What if your focus and goal is on something else? What if it’s about showing your uniqueness, your individuality? Then perhaps making mistakes just shows humanity. It shows willingness taking risks. It shows courage.

Think about why you go to watch other people perform, whether it’s dance, music, comedy, or theater. Do you really go to see them to see how perfectly they can do it? Do you go to dance competitions to say, “Oh they did that Natural Turn so perfectly!” (If you do you’re probably fooling yourself). Aren’t you actually more paying attention to HOW they did their Natural Turn? Aren’t you actually fascinated that all of the top couples do it slightly differently? That the best couples do it differently every single time they do it.

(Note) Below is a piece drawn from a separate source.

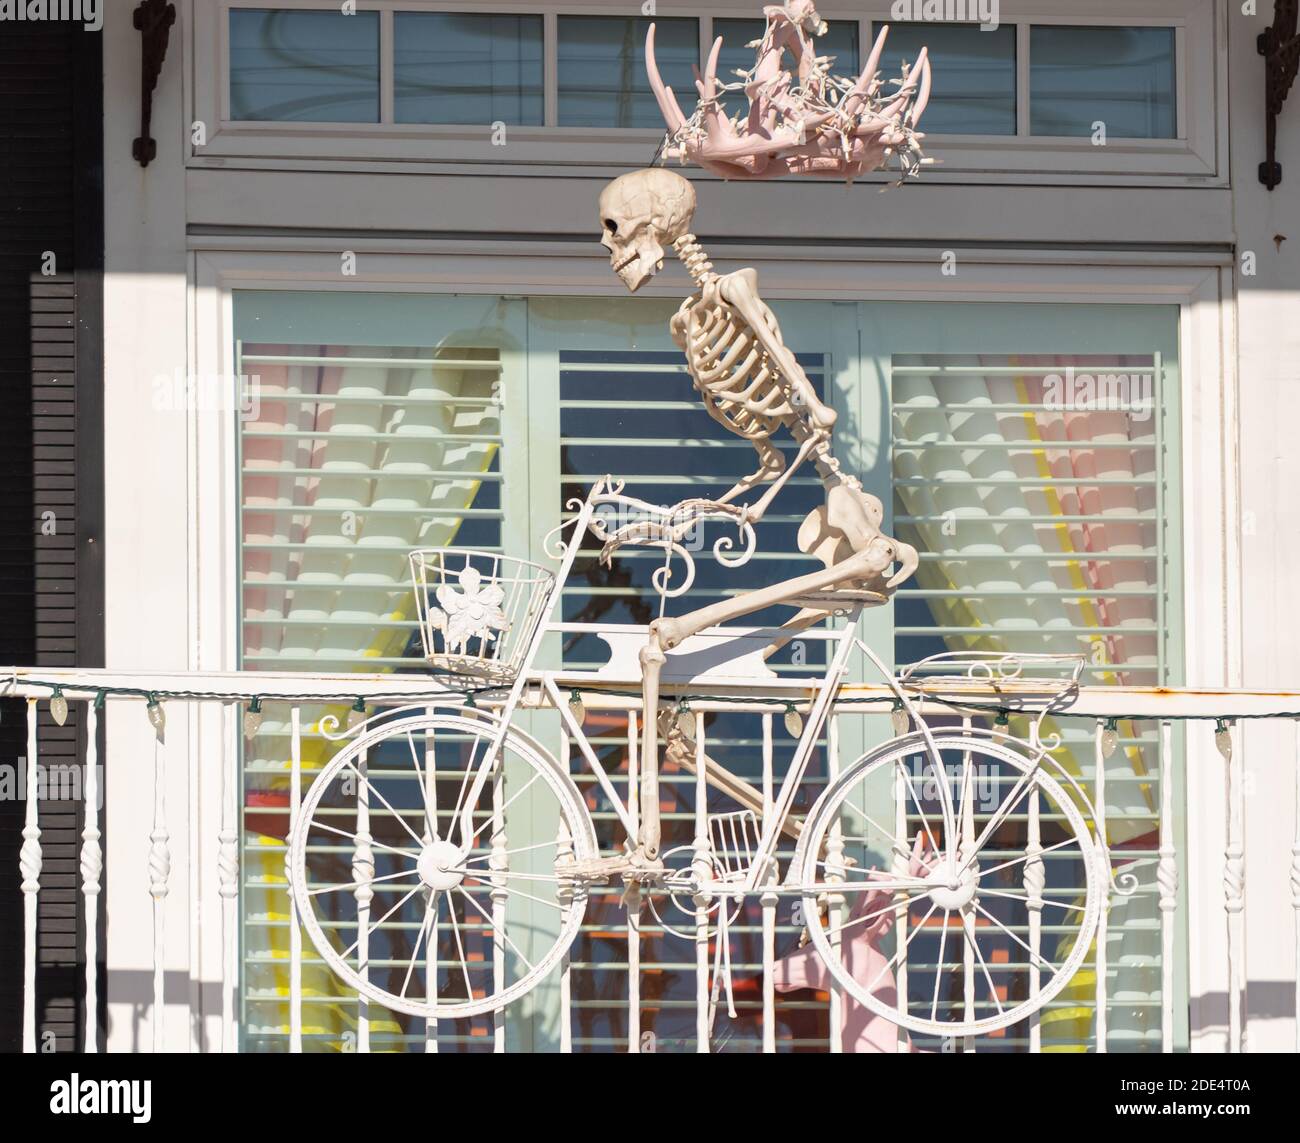 Halloween decoration, skeleton on the bicycle. Selective focus, street photo, travel photo. Stock Photo
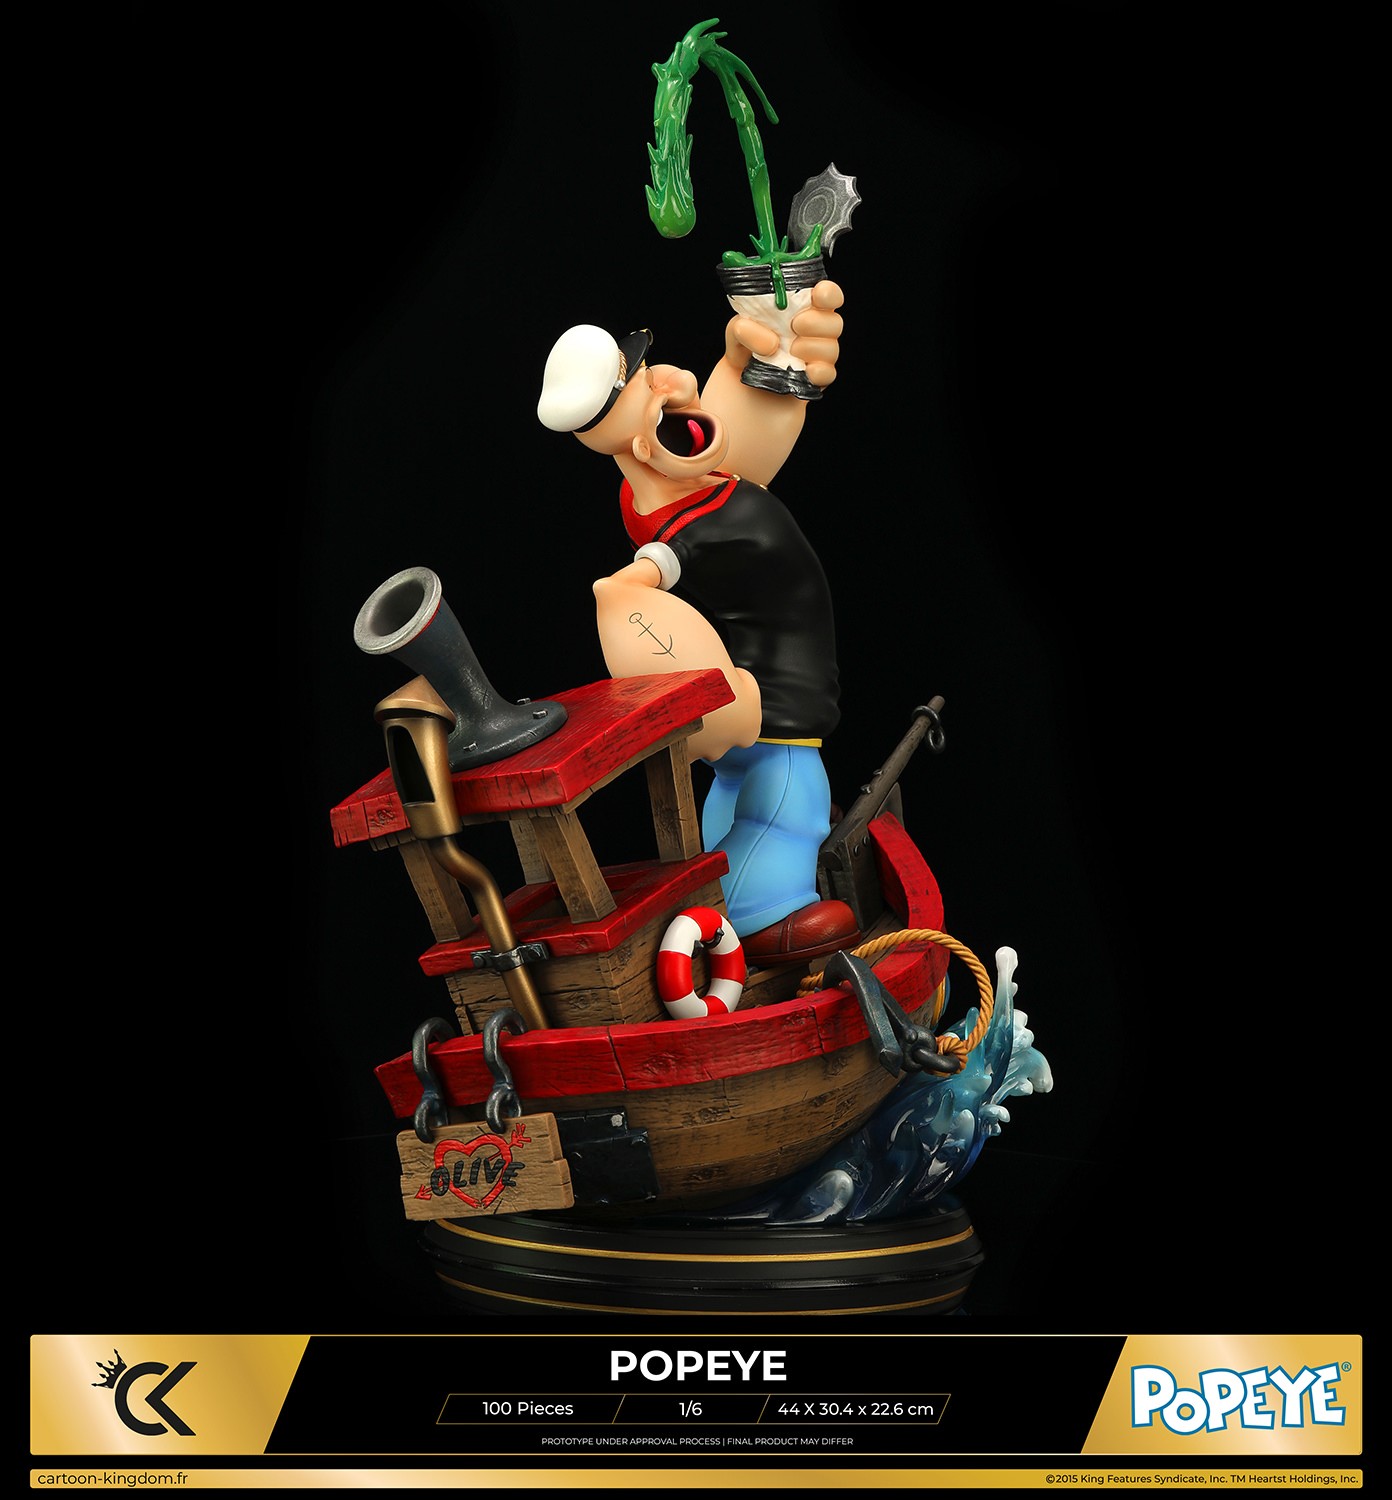 Popeye (Olive Version)

When you watch performers aren’t you actually fascinated by the fact that they are all at different levels? Doesn’t it make it more valuable to actually watch one performer at one level and another performer at a different level? I personally love going to the comedy club. A popular format is having 3 different performers. One local, one regional, one national, each at different levels and abilities, all in one night, one after the other. You can really learn about what is comedy, what are the components about it, what makes the good stuff good.

Don’t you want to see people at different levels? I can’t tell you how many times after doing a showcase that the people that inspire others to dance the most are the beginners? “Oh! I think I could do that.”

Extraordinary

People have ordinary lives. They get up they go to work, they come home, they eat food, they sleep. It’s practical. We have to do that. We train our children not to be way overly emotional or crazy – and that’s healthy. We need that to deal with the world as it is now. If the building is burning, we don’t have time to worry about how we feel about it right now, we need to get out of the building.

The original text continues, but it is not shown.